Kammerspiele:Zugeflüstert und ausgeplaudert

Kammerspiele: Hört dieser Mann gerade wirklich etwas, oder beobachtet er in Wahrheit die anderen? Bei "Top Secret International" kann man nicht sicher sein.

Hört dieser Mann gerade wirklich etwas, oder beobachtet er in Wahrheit die anderen? Bei "Top Secret International" kann man nicht sicher sein.

(Foto: Gabriela Neeb)

In "Top Secret International" lockt Rimini Protokoll die Besucher nicht nur durch ein Meer antiker Heldenköpfe, sondern erzählt auch von der Macht der internationalen Geheimdienste

Von Christiane Lutz

Seinen Partner zu überwachen, ist ein Kinderspiel. Im Internet gibt es Spy-Software zu bestellen, mit der man fremde Telefone ausspionieren kann - nicht nur das des Partners, auch das von Arbeitskollegen oder seinen Kindern. "Sie haben ein Recht, zu wissen", wirbt eine Firma. Schon klar. Ein "Recht zu wissen" gönnt sich auch jeder Staat. Er leistet sich seine eigene "Spy-Software" - in Form von Geheimdiensten. Wie diese arbeiten und warum es sie überhaupt gibt, ergründen Rimini Protokoll in ihrem Projekt "Top Secret International".

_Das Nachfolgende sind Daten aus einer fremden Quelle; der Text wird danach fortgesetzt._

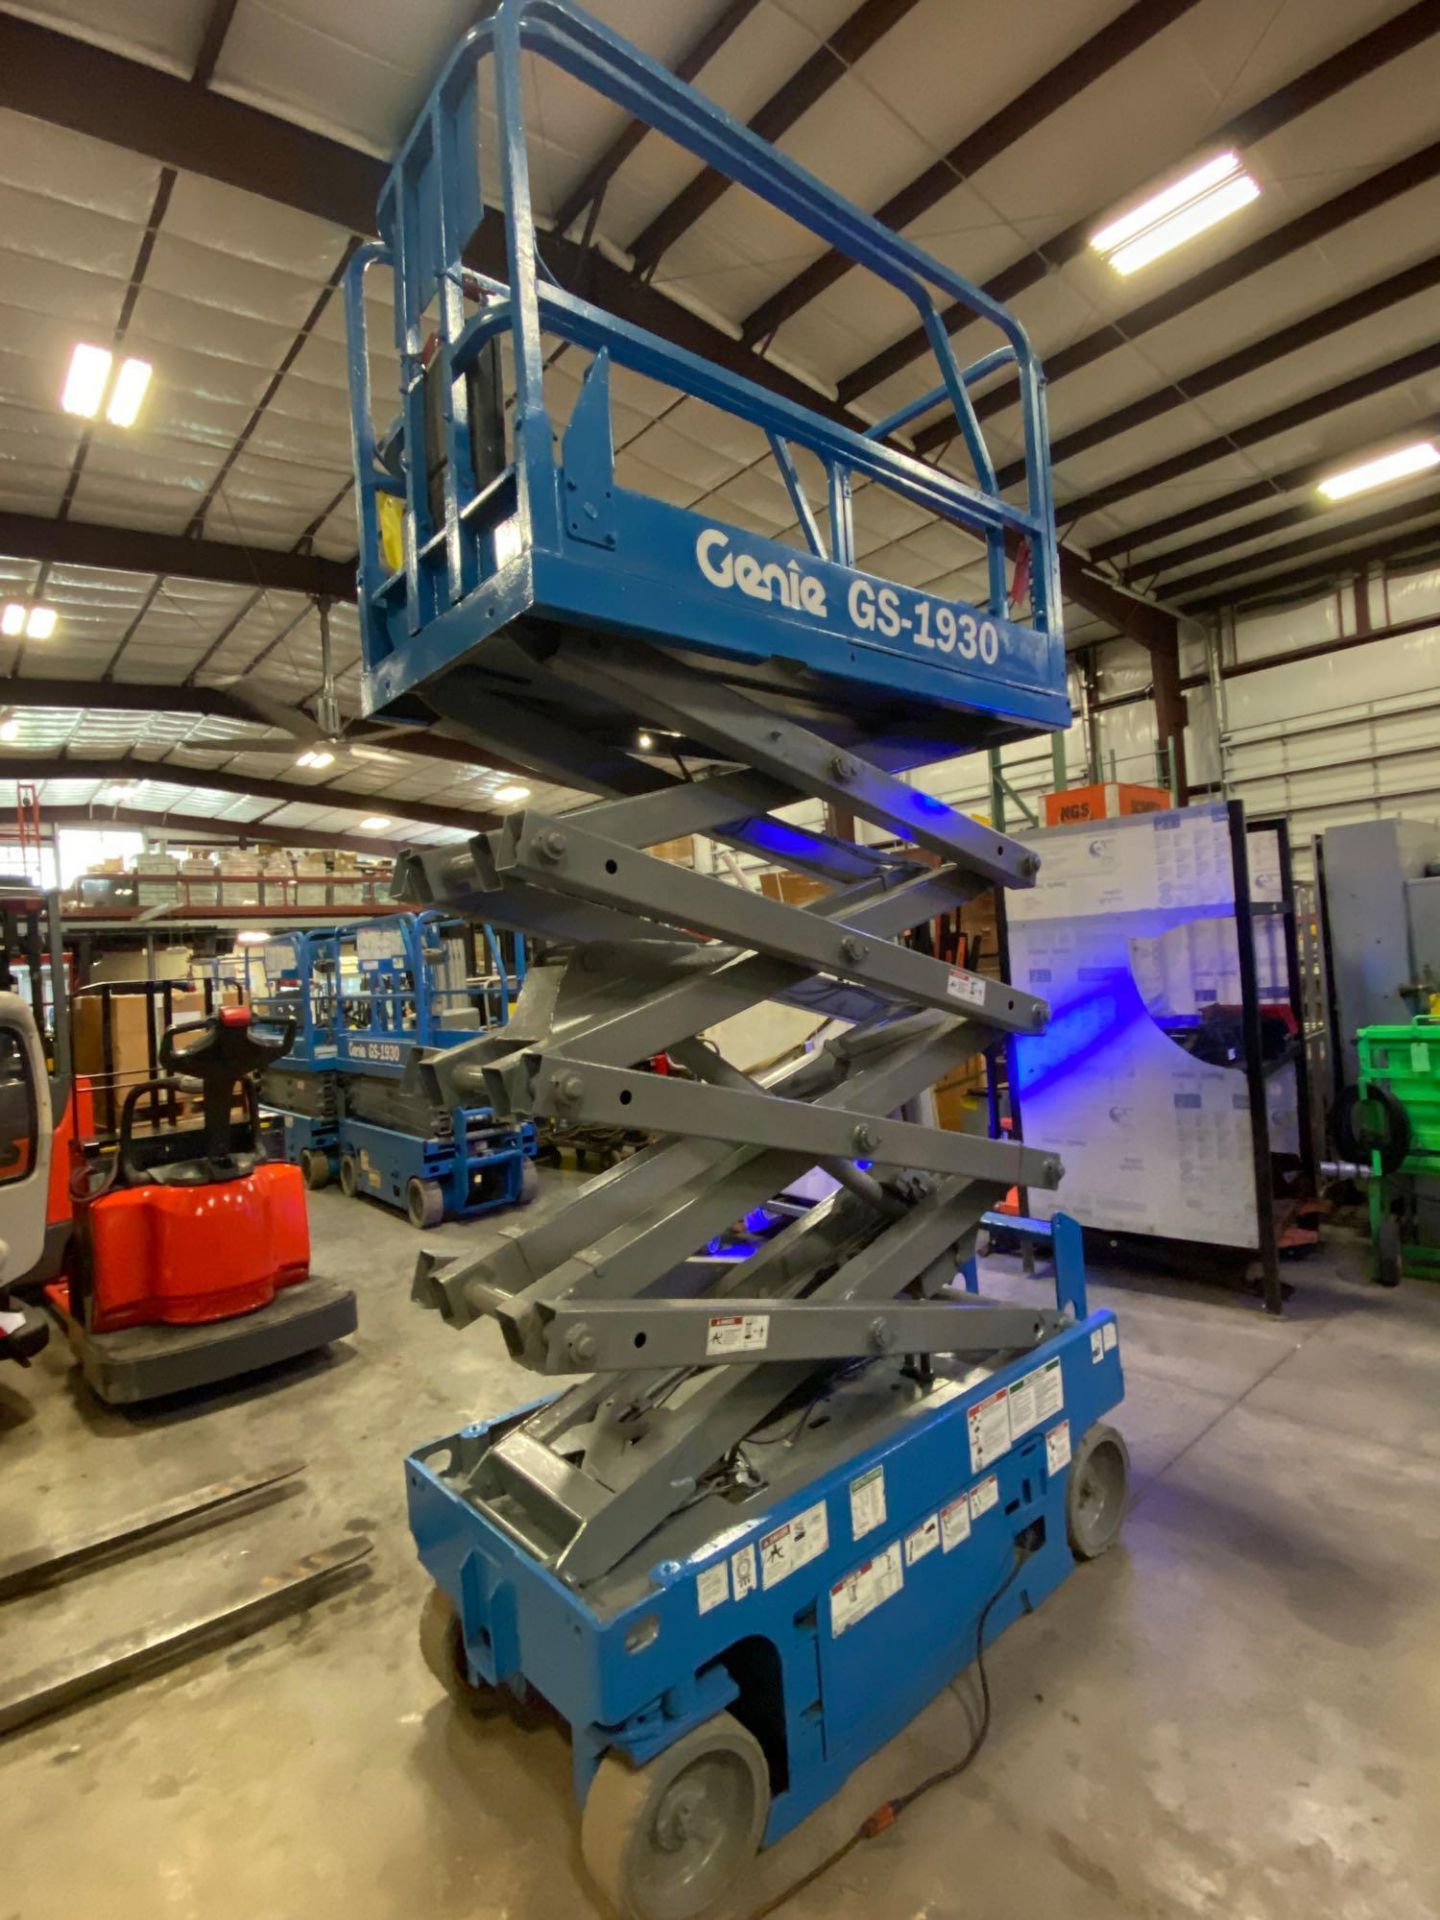 GENIE GS-1930 ELECTRIC SCISSOR LIFT, SELF PROPELLED, 19' PLATFORM HEIGHT, BUILT IN BATTERY CHARGER, - Image 5 of 5

Der Ort der Ergründung ist diesmal kein Theater - obwohl die Kammerspiele der offizielle Veranstalter sind - sondern die Glyptothek. Am Eingang erhält jeder Zuschauer einen Kopfhörer und ein zum Notizblock umgebautes Ortungs-Kästchen. Eine Stimme lotst ihn dann durch das Köpfemeer antiker Machthaber, im Originalton erzählen ehemalige und aktive Geheimagenten und solche, die sich mit der Materie auskennen, Wissenswertes über die Arbeit der Geheimdienste. Darunter sind zum Beispiel Beiträge von Jacob Appelbaum, amerikanischer Journalist und Datenschutz- und Anti-Überwachungsaktivist und Gerhard Schindler, ehemaliger Präsident des Bundesnachrichtendienstes.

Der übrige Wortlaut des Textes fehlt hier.